For the time being, I am not going to pursue the Support Vector Machines approach to classifying replays, because we already have an instance that can learn a replay signature just by looking at one sample (romad). I took it as proof that it is possible to formulate a much simpler replay classifier, and that it is the feature selection that is prominently the hardest task.
Support Vector Machines might be more accurate in the long run, after I amass hundreds of samples per player, but realistically, the main problem with identifying replays is their scarcity.
I'm using the Nearest-Neighbors algorithm to classify replays, with a slight modification. I am currently designing it to be half-human half-machine.
There are currently five categories, the fifth being the combination of previous categories.
1) Building hotkeys
2) Hotkey actions
3) Hotkey spam
4) Hotkey usage
5) Total
The program produces a "closeness" rating for a given replay in each category, and looks for replays in the database that are closest to the given replay.
For the database, the program uses replays from TSL (there are a ton of replays from TSL!).
Example
I put in the recent ret vs.

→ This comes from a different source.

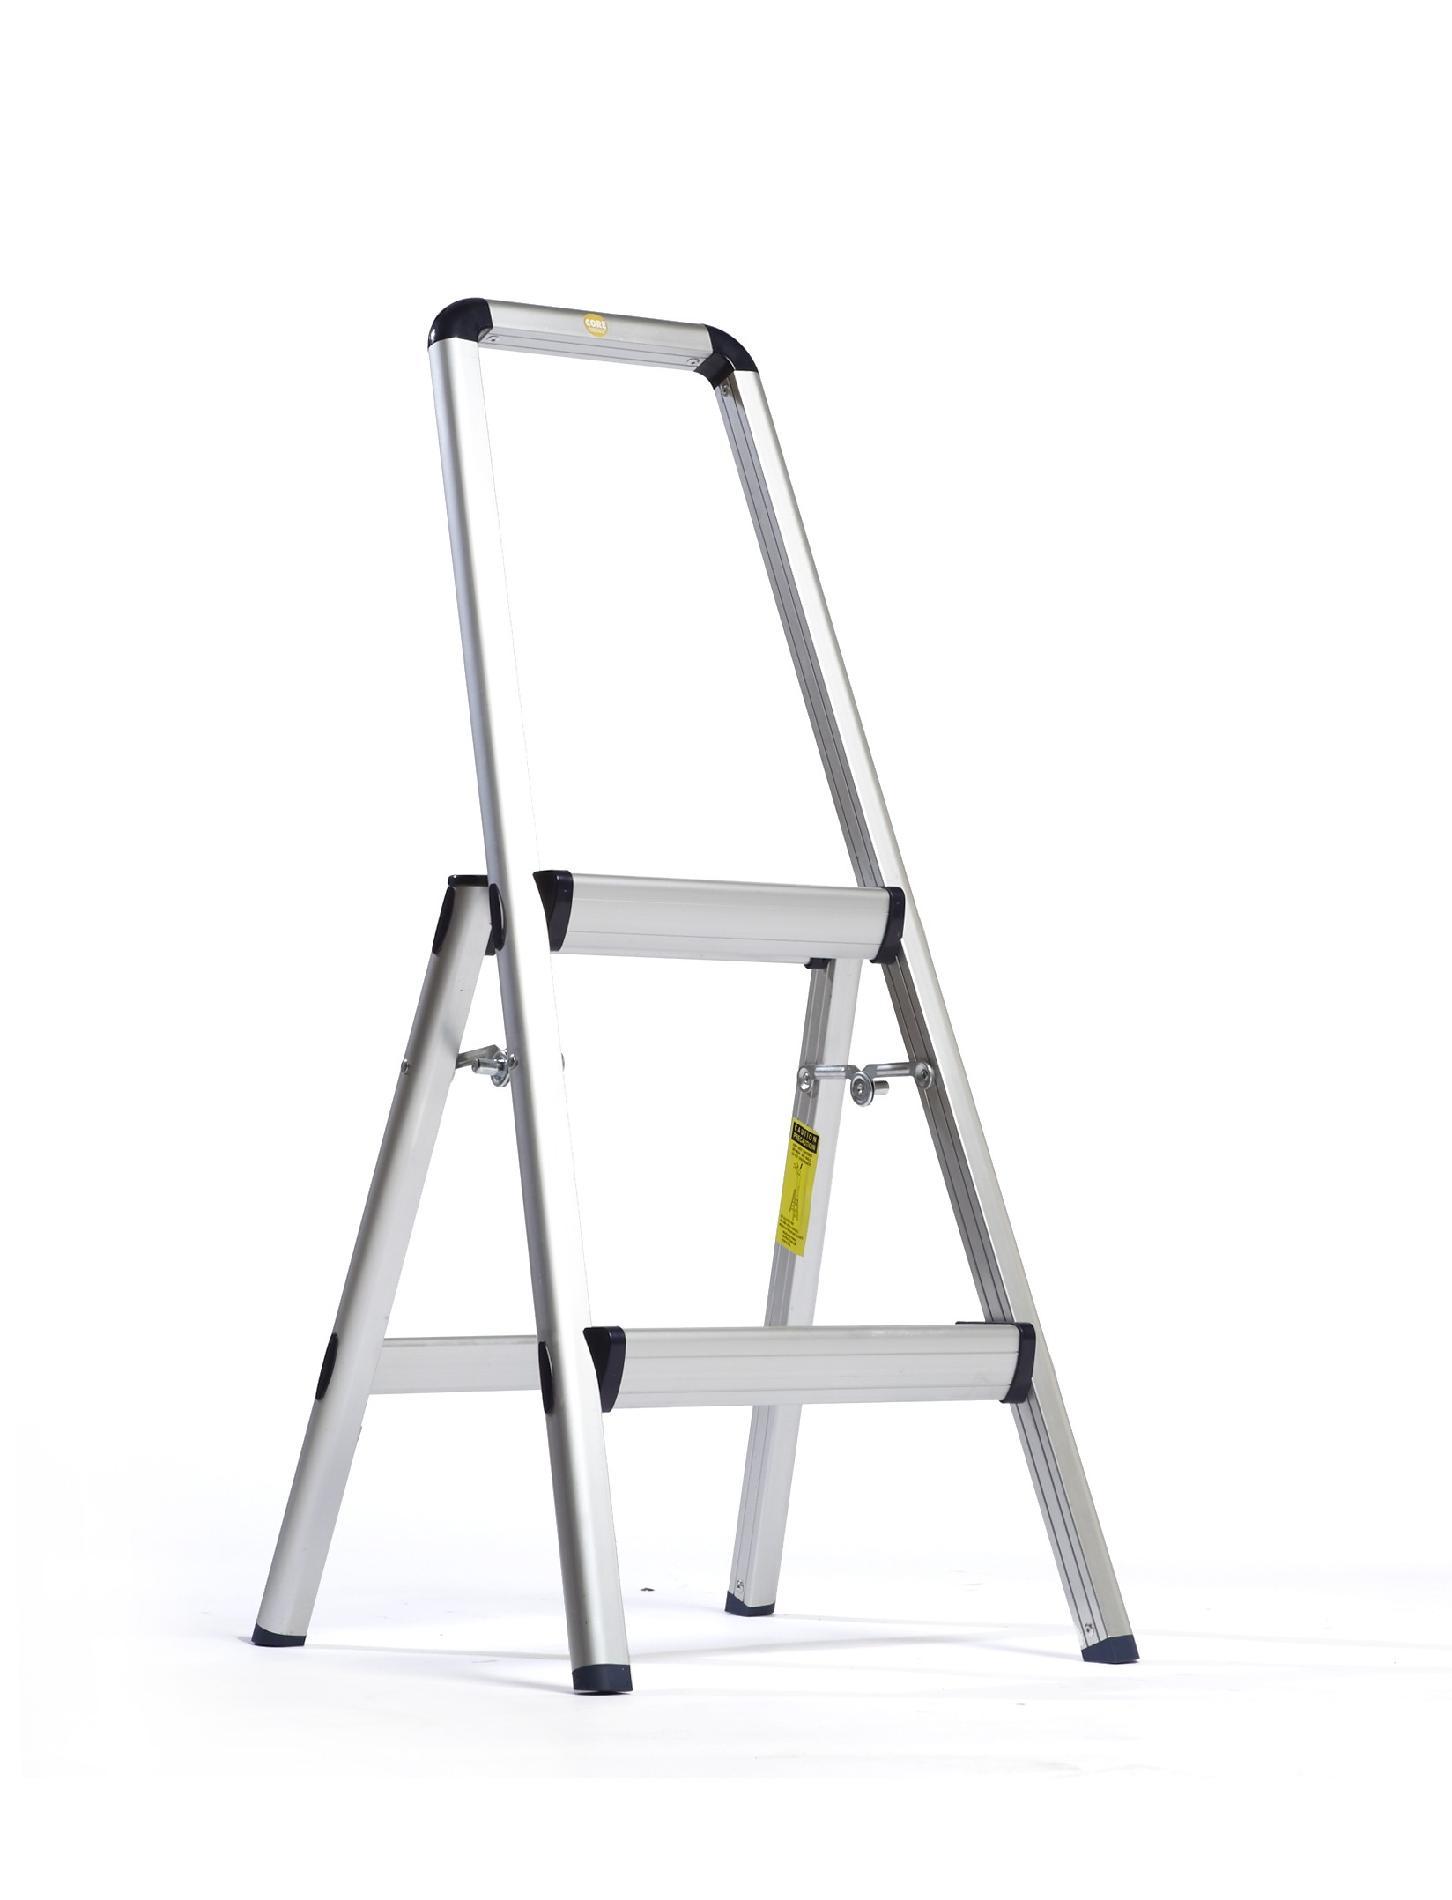 Xtend & Climb Lightweight Aluminum 2 Step Stool with Hand Rail

IdrA replay. Here are the results:
1) Building hotkeys
Top fifty consists entirely of IdrA.
2) Hotkey actions
The top 4 consists of IdrA.
Top fifty consists mostly of IdrA.
Top fifty has many ret's.
Top fifty also has BRAT_OK's and some Haypro's.
3) Hotkey spam
EDIT: Almost entirely of IdrA. I had a bug in my previous program.
4) Hotkey usage
Lots and lots of Horror. Some IdrA's. The thing is, the top fifty have NO differences from the given replay. That is, hotkey usage is a pretty poor discriminant. I'm sure many IdrA reps have the same hotkey usages, and that if I listed the top 100, IdrA would appear.
5) Total
Top fifty all consist of IdrA's.
It's clear from this example that often, the player will not win in every category. However, put together, it's likely that the player will be at the top.
I will be adding / removing / refining categories in the future.
Also, eventually, there will be an online database and an online real-time classifier, for which I need the Linux version of the repasm.dll that serves as the PHP extension in Windows (I'm using Taiche's RepASM).
Anyway, please send me replays of foreigners if you'd like to test my current program!